My First Love — the DSLR
Let me be clear about one thing from the start: no phone — not even the most extraordinary one Apple has ever made — replaces my DSLR. My Canon EOS R5 is a precision instrument, a tool I have spent years learning to speak the language of. The latitude in the RAW files, the depth of field I can sculpt with a 50mm f/1.2 — these are not things you replicate. They are things you revere. On every professional set, it is the instrument of record.
My Second Soul — the iPhone Pro
And yet. Life does not happen on set. Life happens in the back of a taxi as the light turns golden, in a dressing room when the stylist steps out and the window light is simply perfect, when a friend laughs in a way that deserves to be preserved. In those moments, the DSLR is in a case. The iPhone Pro is in my hand. Always. And it is extraordinary.
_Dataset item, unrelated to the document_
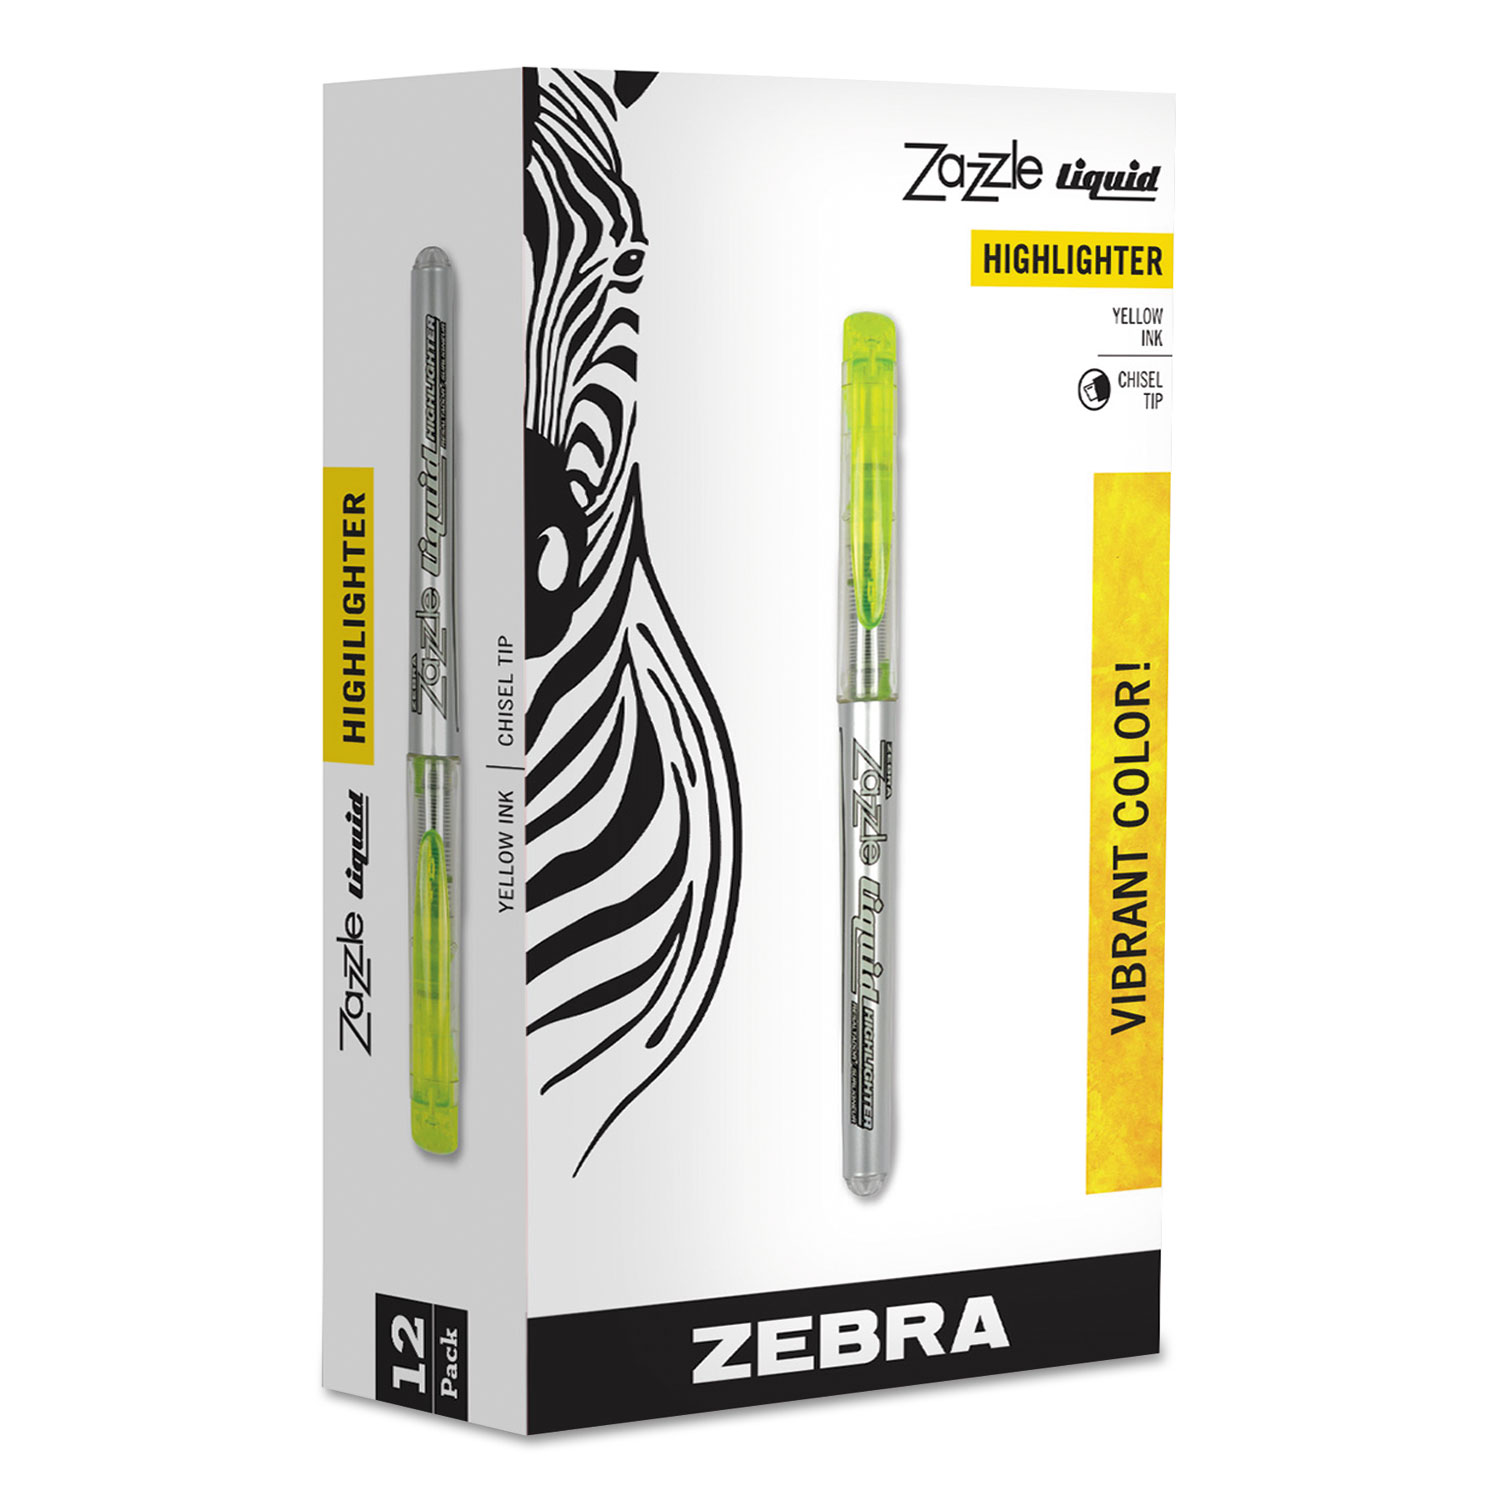 Zazzle Liquid Ink Highlighters, Chisel Tip, Yellow, Dozen

The DSLR knows what I intend to capture. The iPhone Pro knows what I can't help but capture — and that, perhaps, is the more honest photographer of the two.
What the Pro Sees
I am particular about skin tones — professionally, neurotically particular. The iPhone Pro does not misread. The colour science is sympathetic to the full range of human skin in a way that many cameras, even expensive ones, are not. The Photographic Styles feature is, for me, one of the genuinely great design decisions in recent phone history. It is not a filter. It is a tuning of the entire rendering process — and once I found my setting, I stopped editing my personal photos almost entirely.
The Camera That Moves
Video is where the iPhone Pro earns a level of my respect I did not expect to give it. Cinematic mode racks focus between subjects in the manner of a professional camera operator. Apple Log video recording gives footage a flat, wide-latitude profile that in post can be shaped into almost anything. I have handed iPhone Pro footage to my video editor — a woman who works primarily with Arri Alexa material — and she has graded it without comment. Without complaint.